Scientists at the University of Technology Sydney have developed a new graphene paper, a composite material made from processed graphite that is as thin as paper but is stronger than steel.
The UTS research team’s breakthrough with the material is the result of their unique production and heat testing method which found out these exceptional properties for the graphene paper.
The research team, supervised by Professor Guoxiu Wang, took raw graphite, purified it, filtered it with chemicals and pressed it into sheets. The graphene paper not only has ten times the strength of steel but is extremely flexible, is two times as hard and six times lighter with lower density. The graphene nanostack sheets also vaunt excellent thermal, electrical and mechanical properties.

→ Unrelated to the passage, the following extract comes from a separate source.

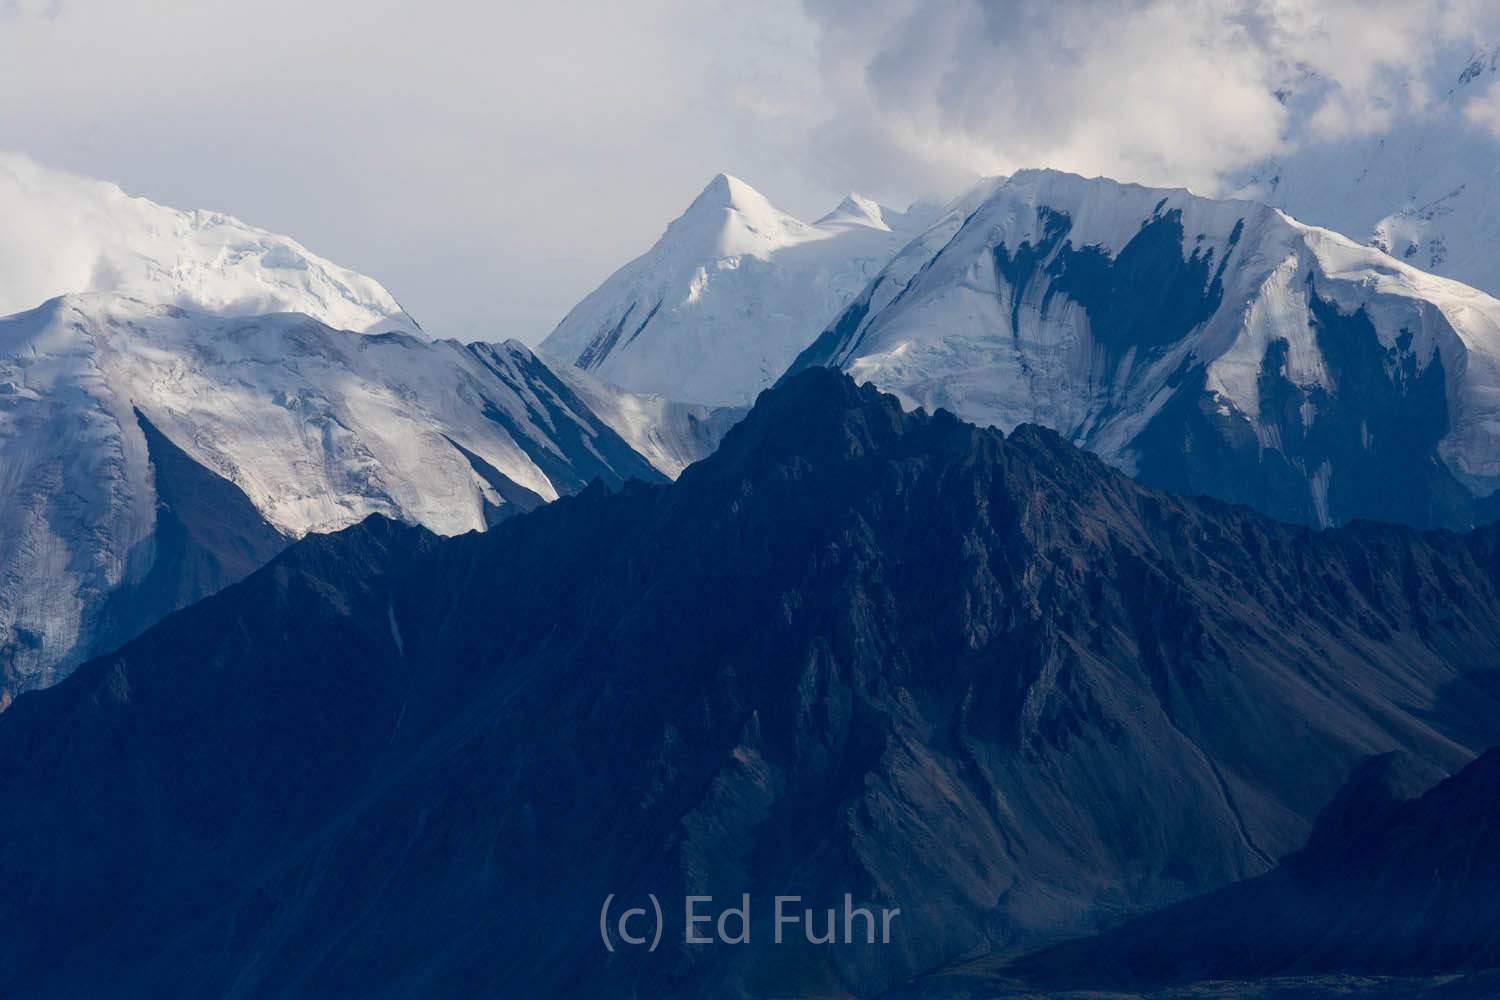 The peaks of Denali appear like winter even in early August.

Ali Reza Ranjbartoreh, the lead researcher on the team said, “ Not only is it lighter, stronger, harder and more flexible than steel it is also a recyclable and sustainable manufacturable product that is eco-friendly and cost effective in its use.”
The properties and promises of the graphene paper make it seem like a dream material. Indeed, it holds much potential for the automotive and aviation industries. Ranjbartoreh went on to say that the use of the graphene material would allow companies to create lighter and stronger cars and planes which would be more fuel efficient and eco-friendly. These improvements would be cost favorable for both consumers and companies alike.
A jump to the graphene paper wouldn’t be so large for aerospace companies such as Boeing who have already replaced metal with carbon-based materials. Austrialia, the country where the research was conducted, is home to plenty of the raw graphite and would welcome the boost to their industry from the graphene paper production.